A country with a population of more than 100 million people, Egypt has had cultivated land of 10.3 million feddans by 2019, according to the state statistics agency CAPMAS.

“The New Delta is one of the giant projects that will increase the cultivated area in Egypt by more than 1 million feddans,” Minister of Agriculture Al-Sayed Al-Qusair told the local Sada Al-Balad TV. “The new cultivated lands will be planted with strategic crops such as wheat, corn and vegetables.”

With the new project, the Egyptian government hopes to secure adequate food products for its growing population. “The project basically aims to achieve food security, fulfill the growing needs of the increasing population to foodstuffs and reduce dependence on imports of strategic foodstuffs,” Prime Minister Mustafa Madbouly said on March 31.

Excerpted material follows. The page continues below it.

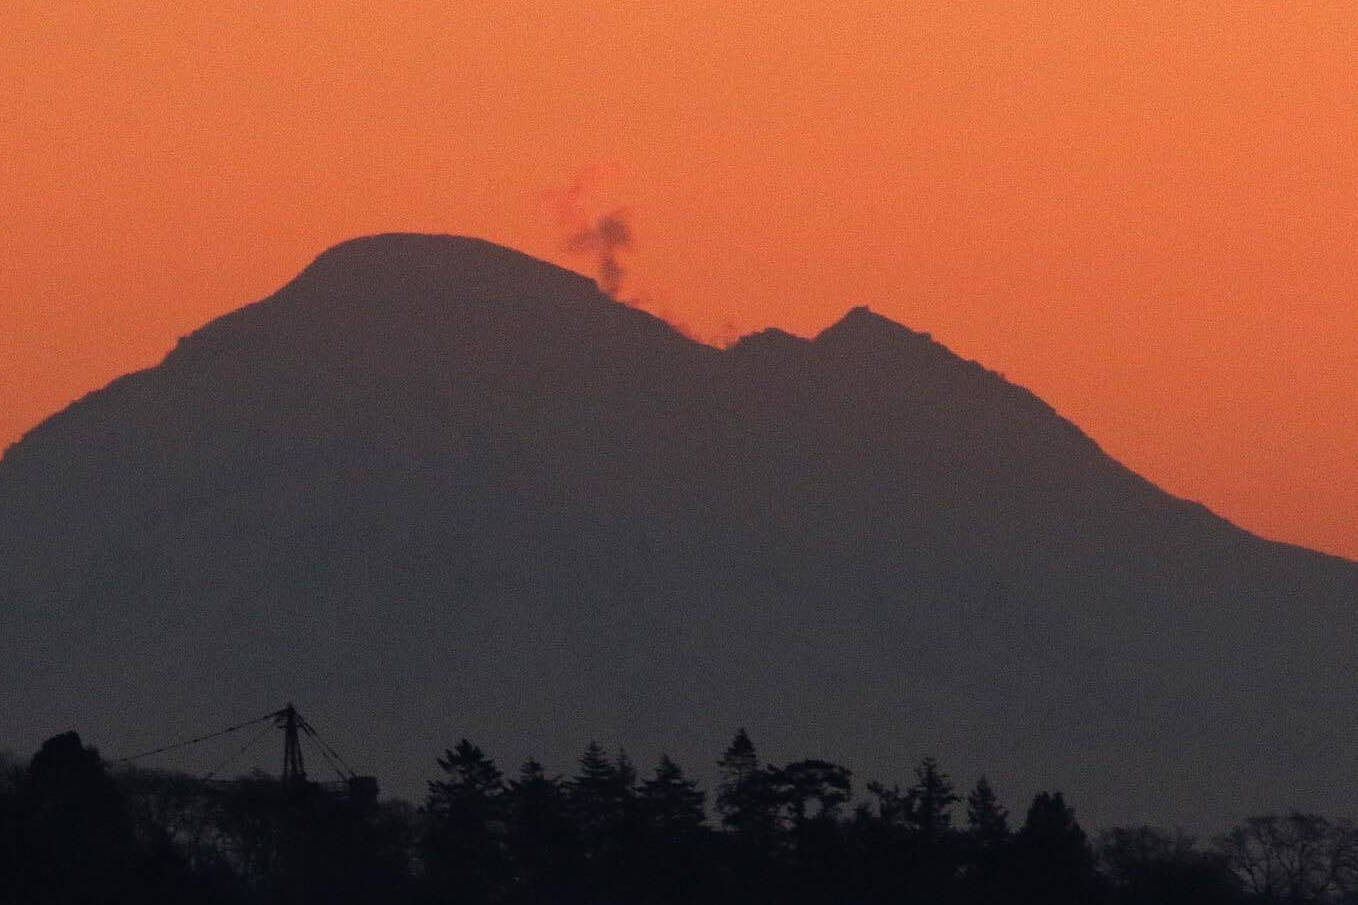 Mount Baker vents regularly with steam visible depending on weather. (Photo by Gary Woodburn)

In January, the Egyptian government unveiled a project dubbed Egypt’s Future for Agricultural Production to cultivate 500,000 feddans on Egypt’s northwest coast. Authorities say the project aims to provide high-quality agricultural products at reasonable prices, bridge the gap in the local market between production and imports, and provide foreign currency for the national economy.

Speaking to Al-Monitor over the phone, Nader Noureldeen, professor of soil sciences and water resources at Cairo University, believes the two projects will help bridge the food gap in Egypt.

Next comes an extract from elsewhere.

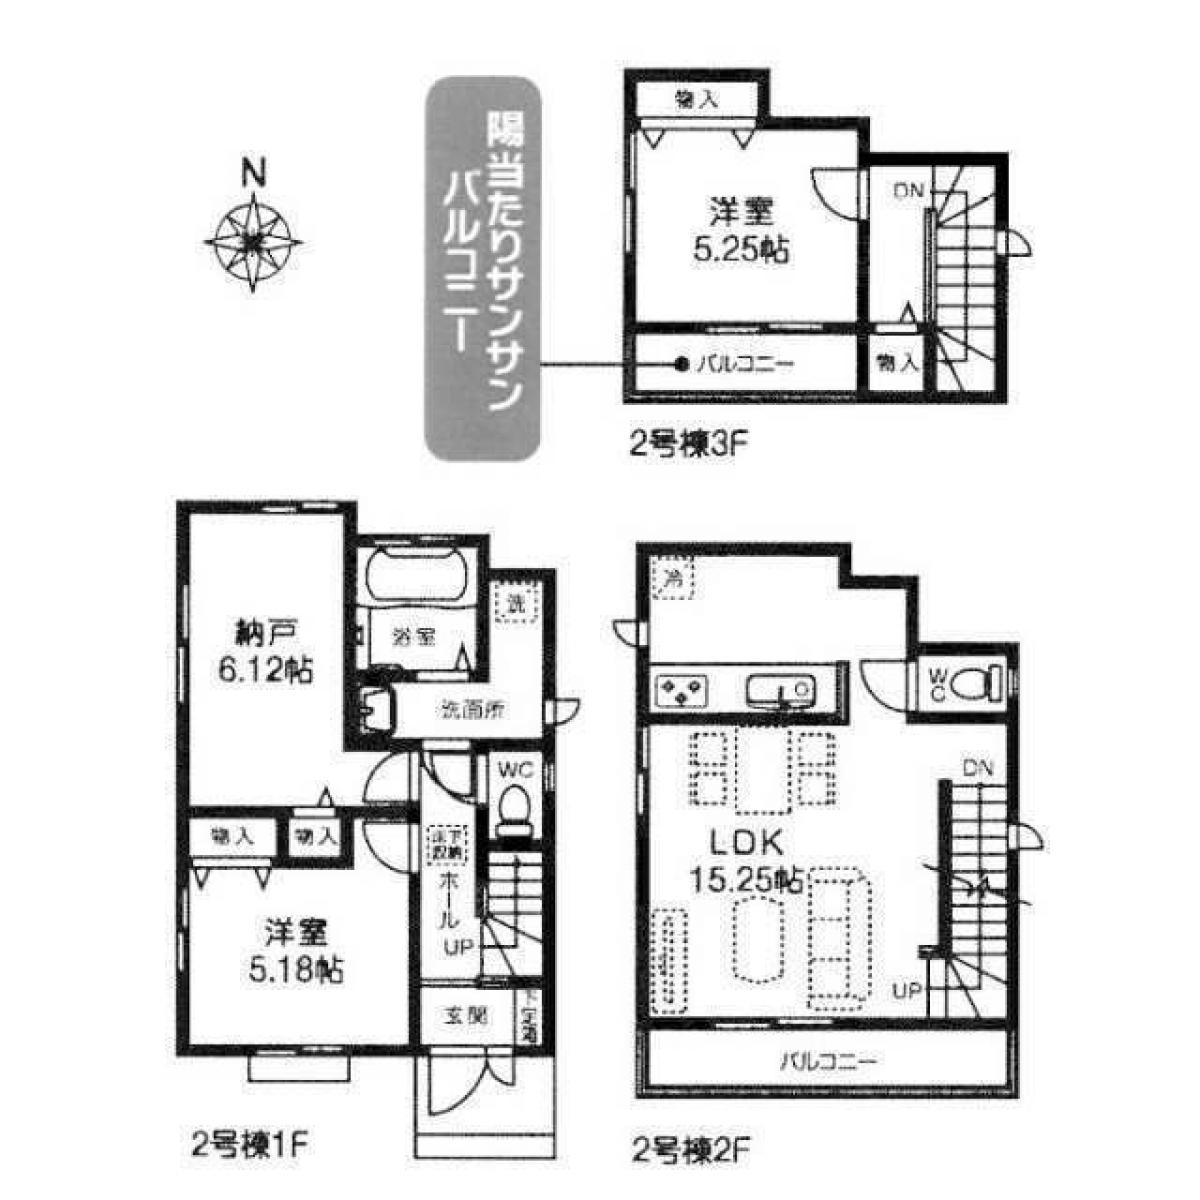 Picture of Home For Sale in Kita Ku, Tokyo, Japan

“Egypt imports around 65% of its needs of strategic crops, and these two promising projects can help provide a big share of Egypt’s food needs,” he said.

According to Noureldeen, Egypt is the world’s biggest importer of wheat, the second-largest importer of yellow corn and the fifth-largest importer of cooking oil. “Egypt also imports 100% of its needs of lentil, 80% of beans and 32% of sugar,” he said.

Noureldeen added, “Egypt has a big food gap, and these projects could help achieve self-sufficiency of the country’s food needs and reduce by one-third the bill of food imports, which amount to $15 billion annually.”

With the completion of the project, the Egyptian government hopes to increase its agricultural exports. “The New Delta project is close to population centers and represents a great opportunity through which we can increase the Egyptian exports due to the region’s proximity to the main ports on the Mediterranean Sea,” said Mohamed al-Qersh, a spokesperson for the Agriculture Ministry.

He said the New Delta project will create thousands of jobs for Egyptian youths. “We are talking about more than 5 million job opportunities, not only in the field of agricultural production but also small and medium enterprises that serve youths and contribute to creating job opportunities for them, which will benefit the Egyptian state in general,” he added.

Egypt’s agricultural sector contributes to the country’s gross domestic product by 14%, representing 28% of job opportunities and 55% of employment in the countryside.

In 2020, Egypt exported 5 million tons of agricultural products, according to the Central Administration for Agricultural Quarantine of the Agriculture Ministry.

Sayed Khalifa, the head of the Farmers Union, the independent guild of Egypt’s farmers, said food security is a major security issue for the Egyptian government.

“Since he came to power, the Sisi administration has embarked on a series of national projects with a view to achieving food self-sufficiency whether in terms of agricultural expansion, silo cultivation, animal production or fish farming,” Khalifa told Al-Monitor over the phone.

He said the new lands in the New Delta project will largely be allocated for the cultivation of oil crops. “The location of the new project is unique given its proximity to main roads, which will guarantee an easy access of the agricultural products to the local market and to export any surplus via the Port of Alexandria or airports.”

Khalifa said the Egyptian government is building two wastewater treatment plants, each with a capacity of 6 million cubic meters/day to secure enough water for the cultivation of the new lands on the northwest coast.

He continued, “The two plants will give a major boost to Egypt’s efforts to expand in the implementation of agricultural projects in light of the limited water resources in Egypt.”